***** DATASET SECTION

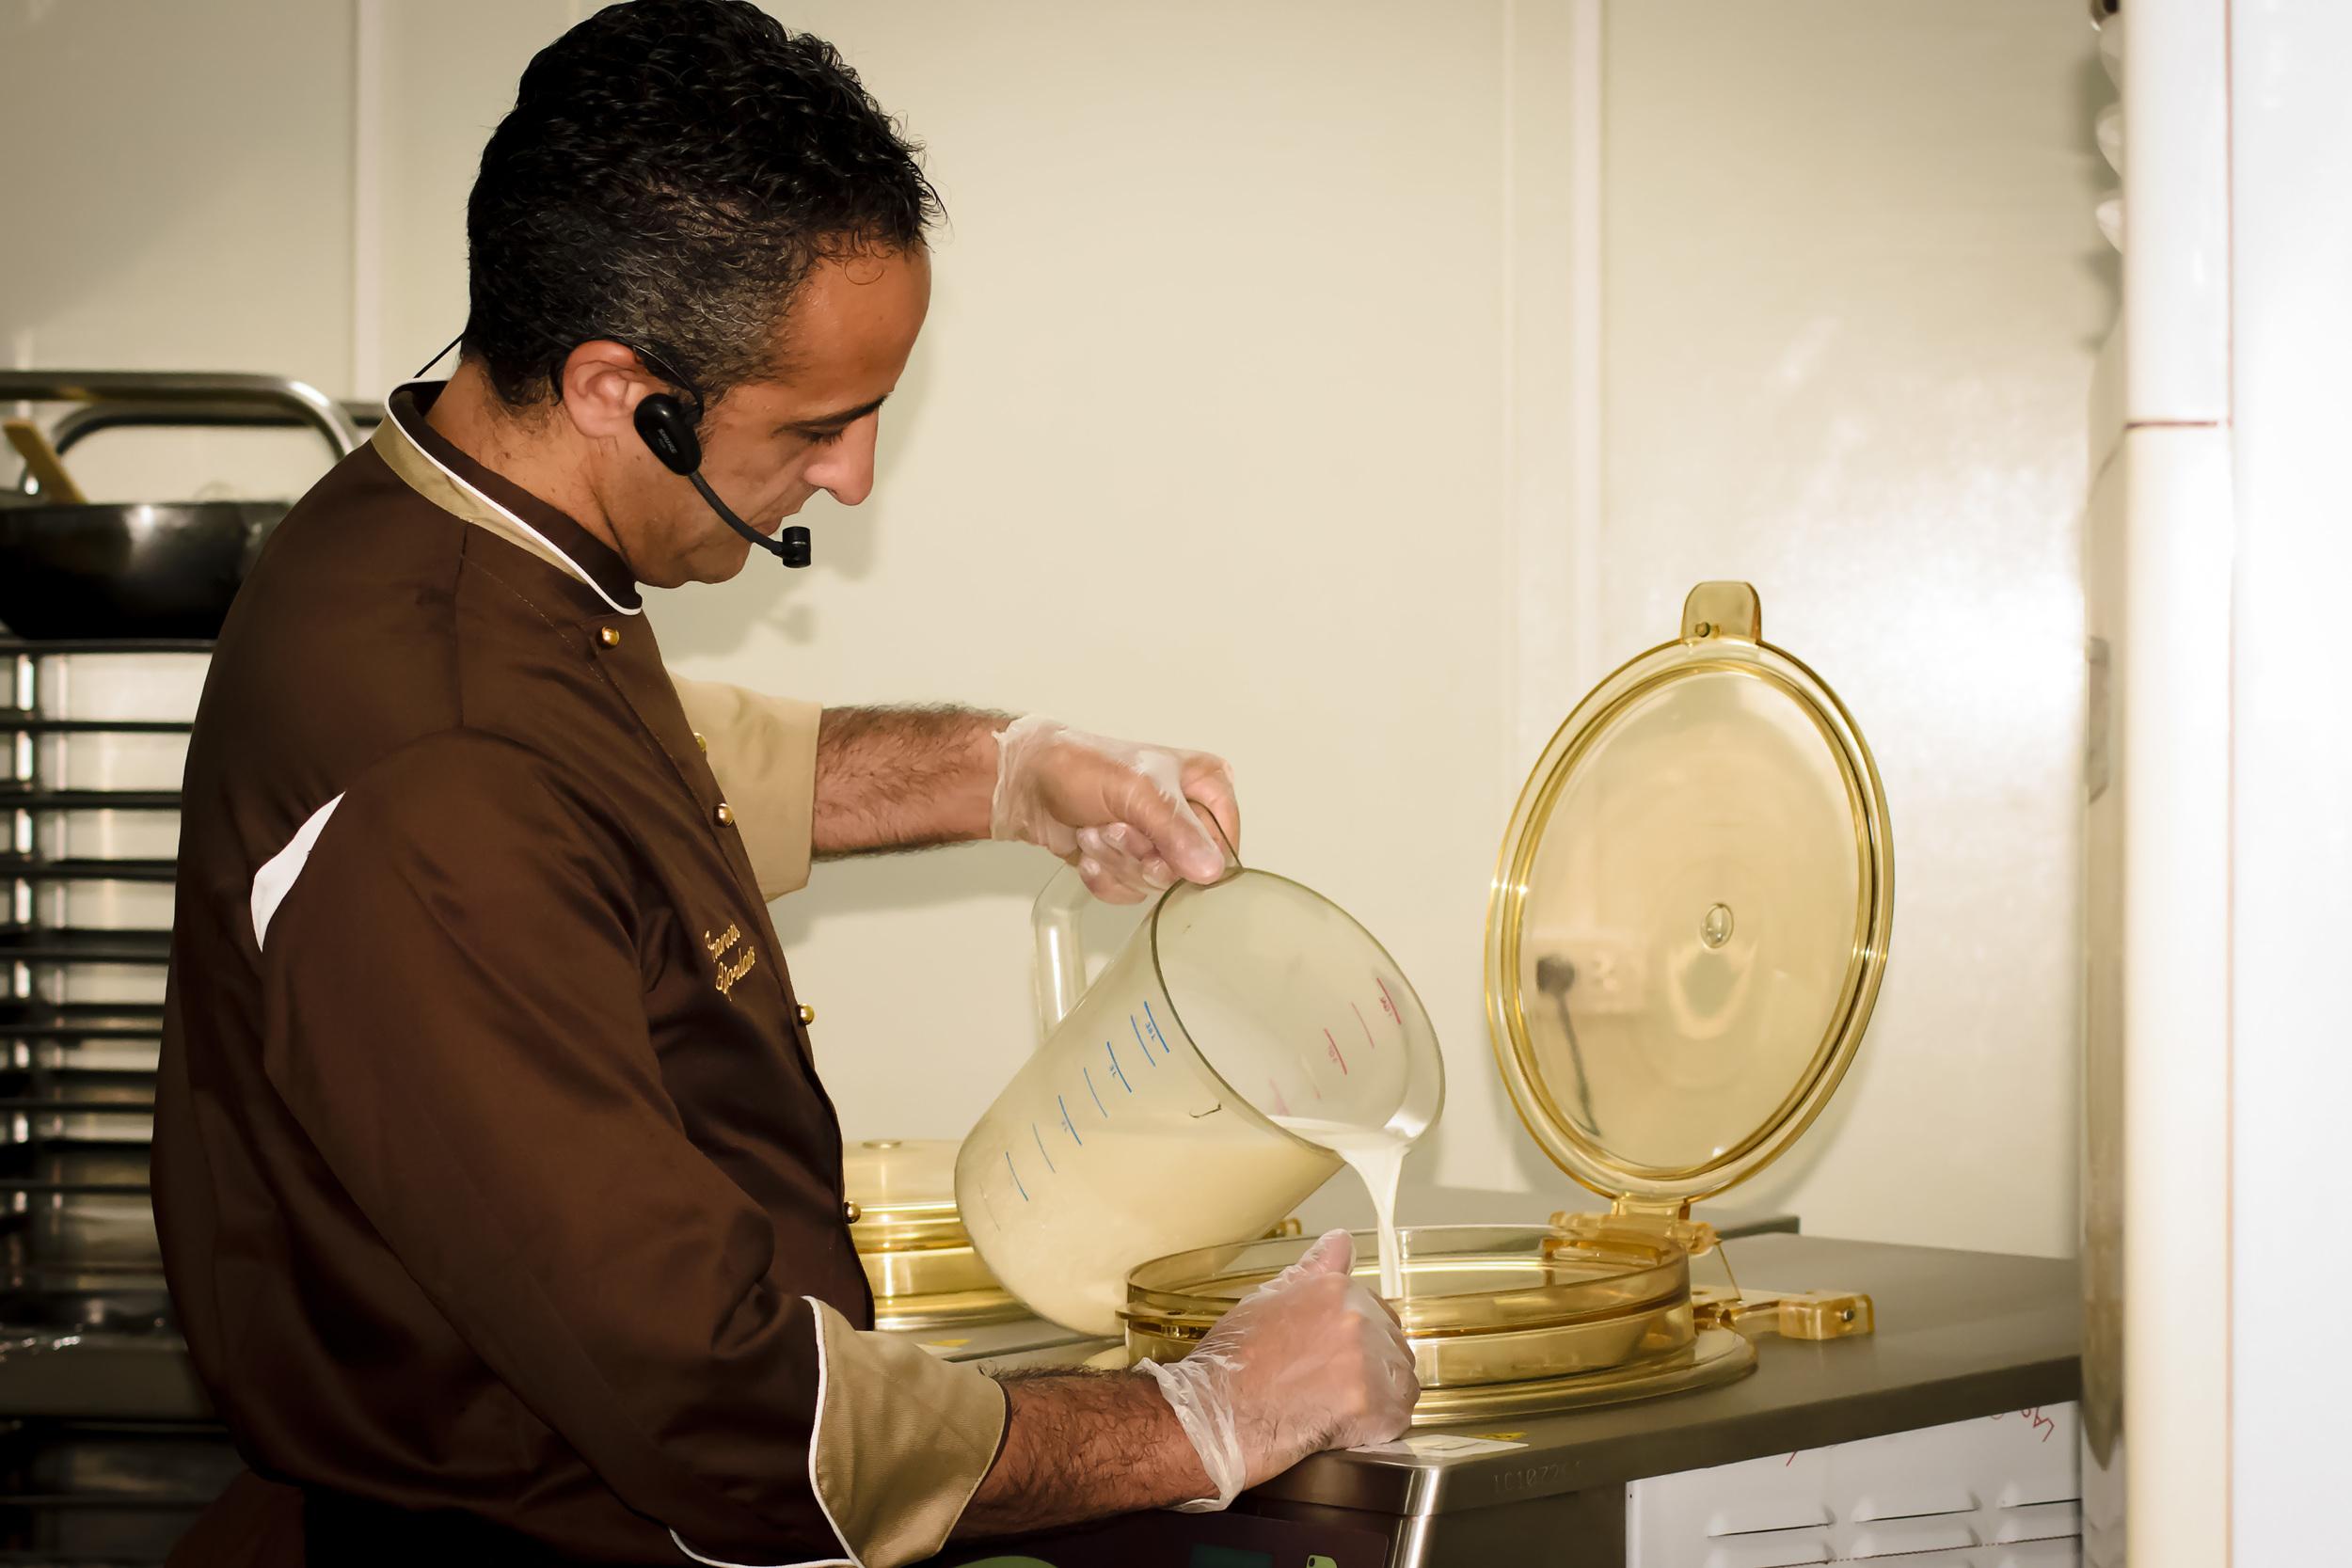 Chef Francesco Giordanofrom IceTeam
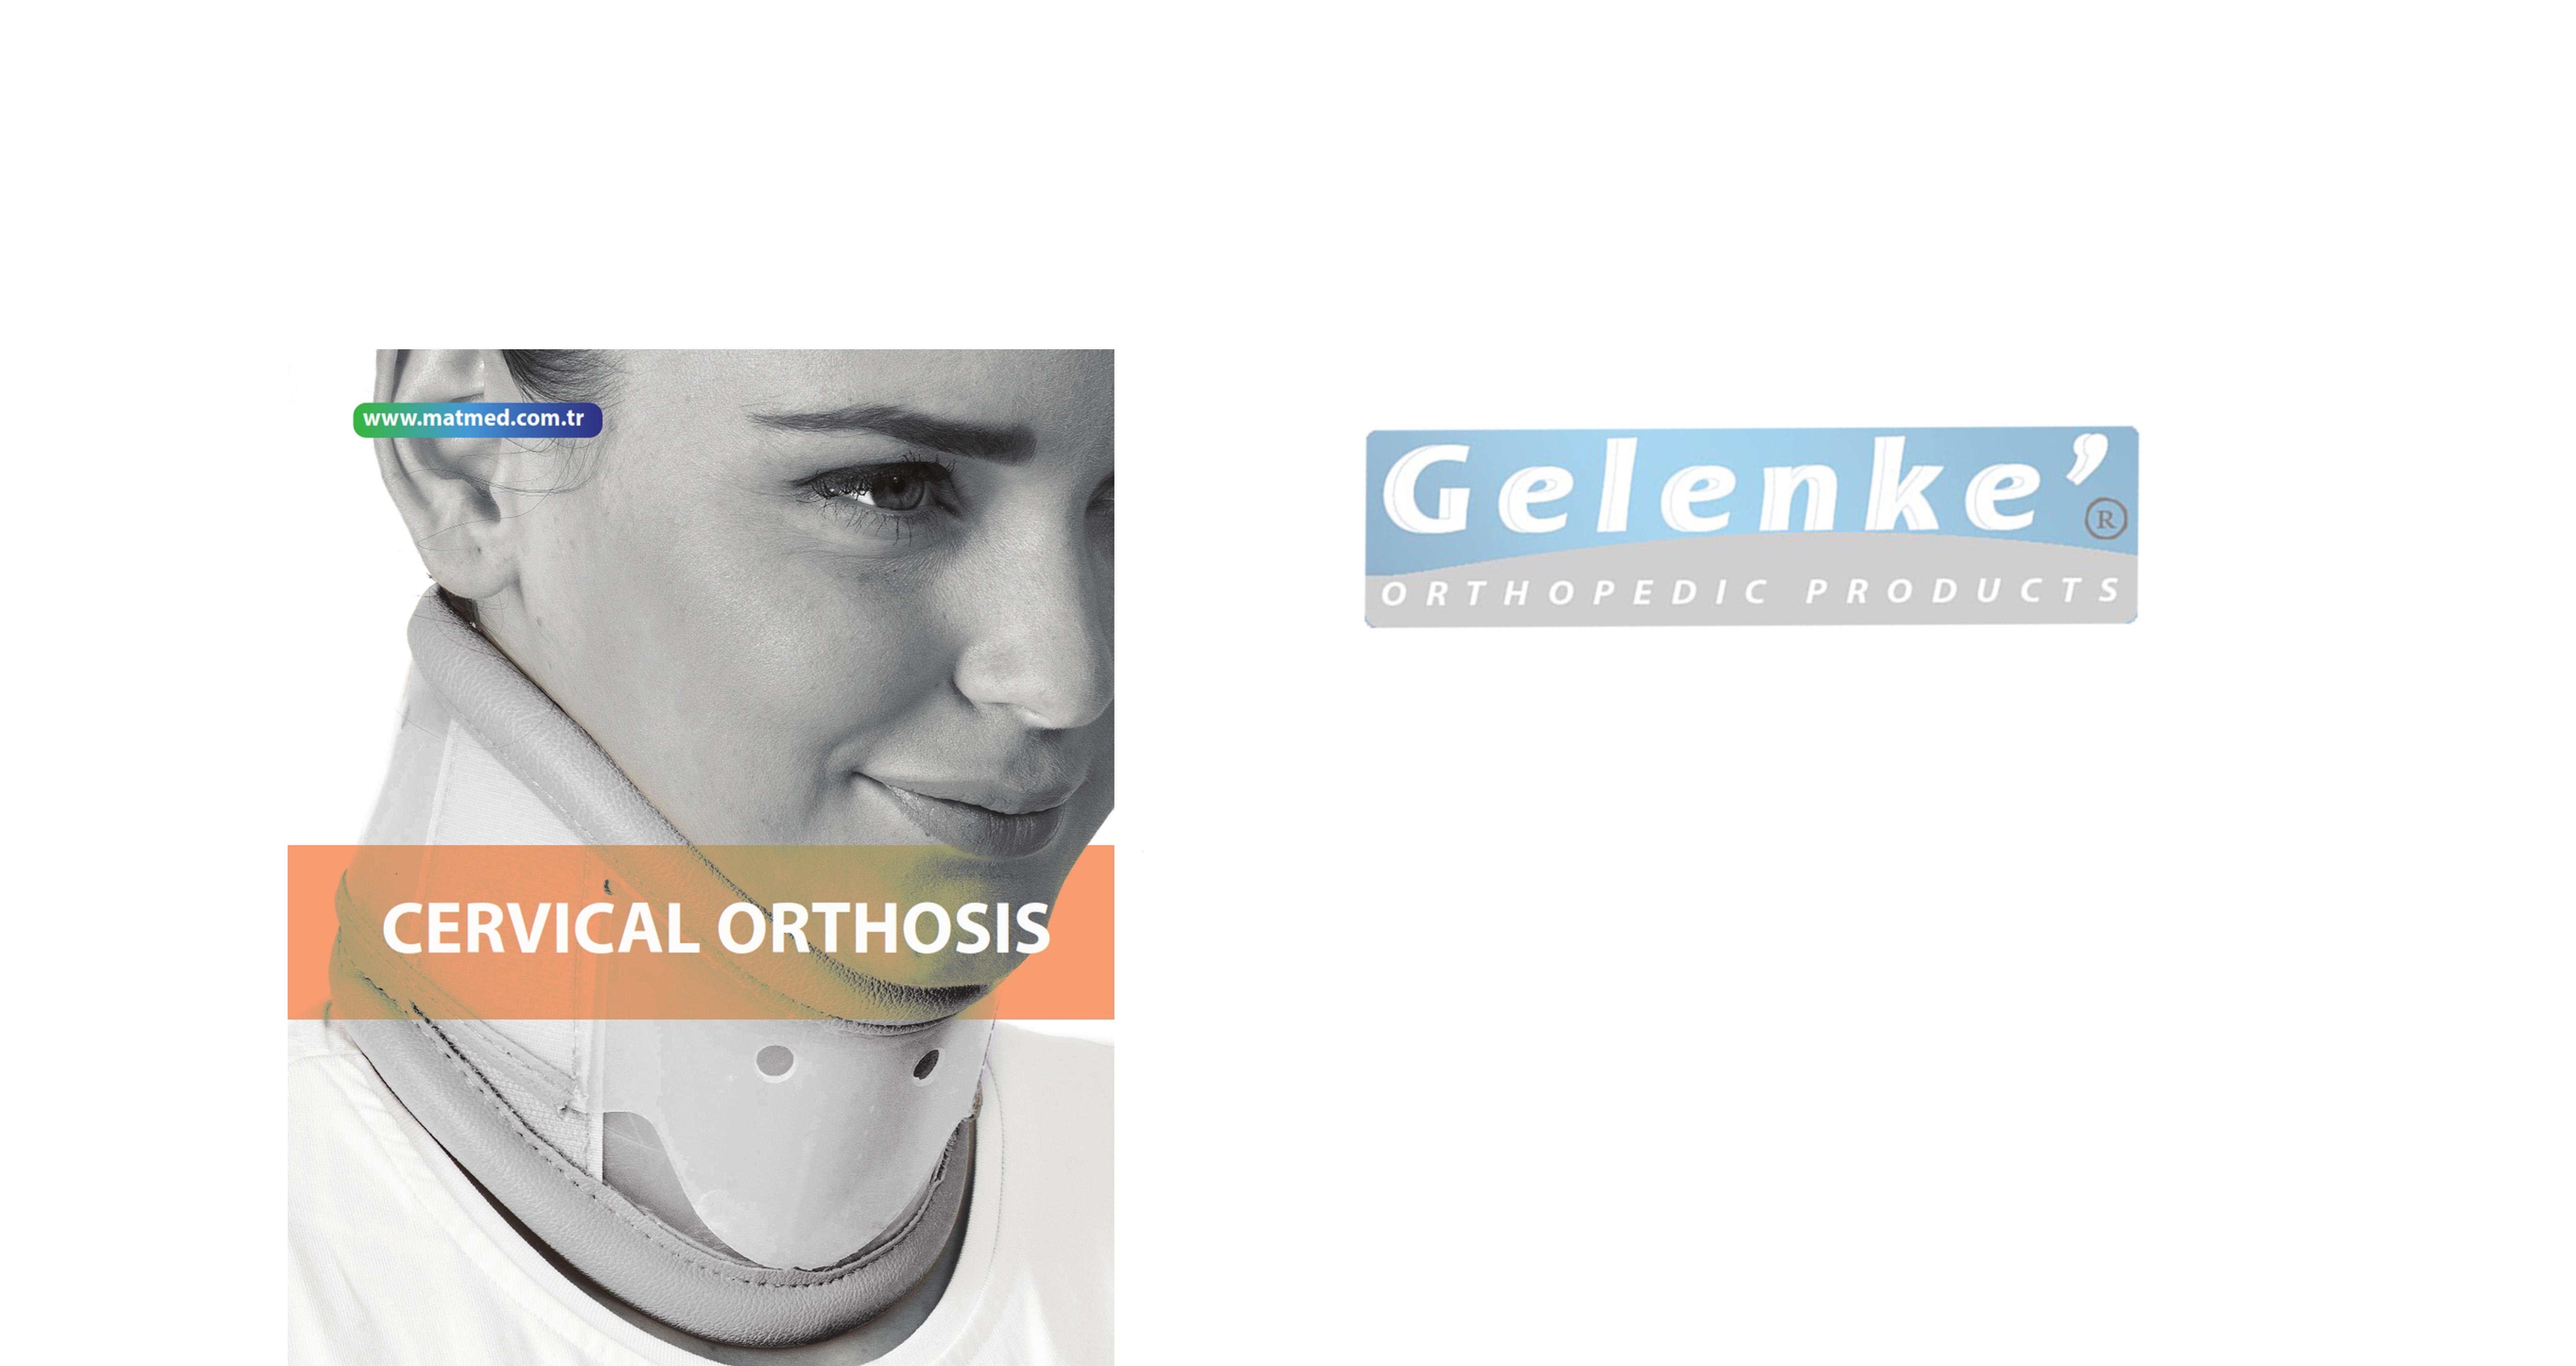 Gelenke cervical orthosis
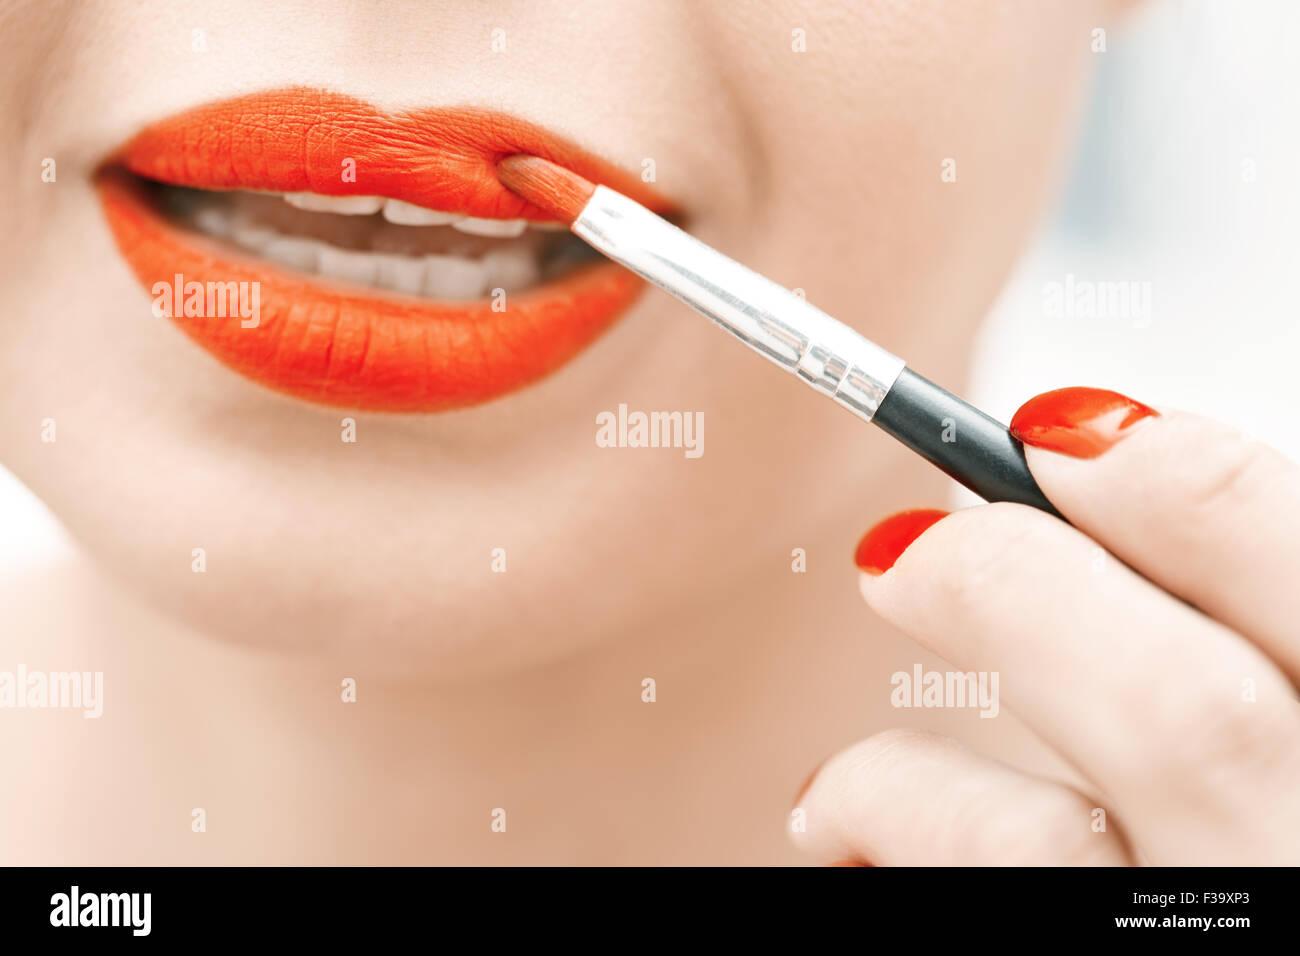 Frau roten Lippenstift. Nahaufnahme auf Gesicht Stockbild

**********

> TRY IT
Beginning with the line that contains "Gelenke cervical orthosis", write out the remaining lines of the listing above through the last, exactly and only those, without pictures.

> ANSWER BOX
 Gelenke cervical orthosis
 Frau roten Lippenstift. Nahaufnahme auf Gesicht Stockbild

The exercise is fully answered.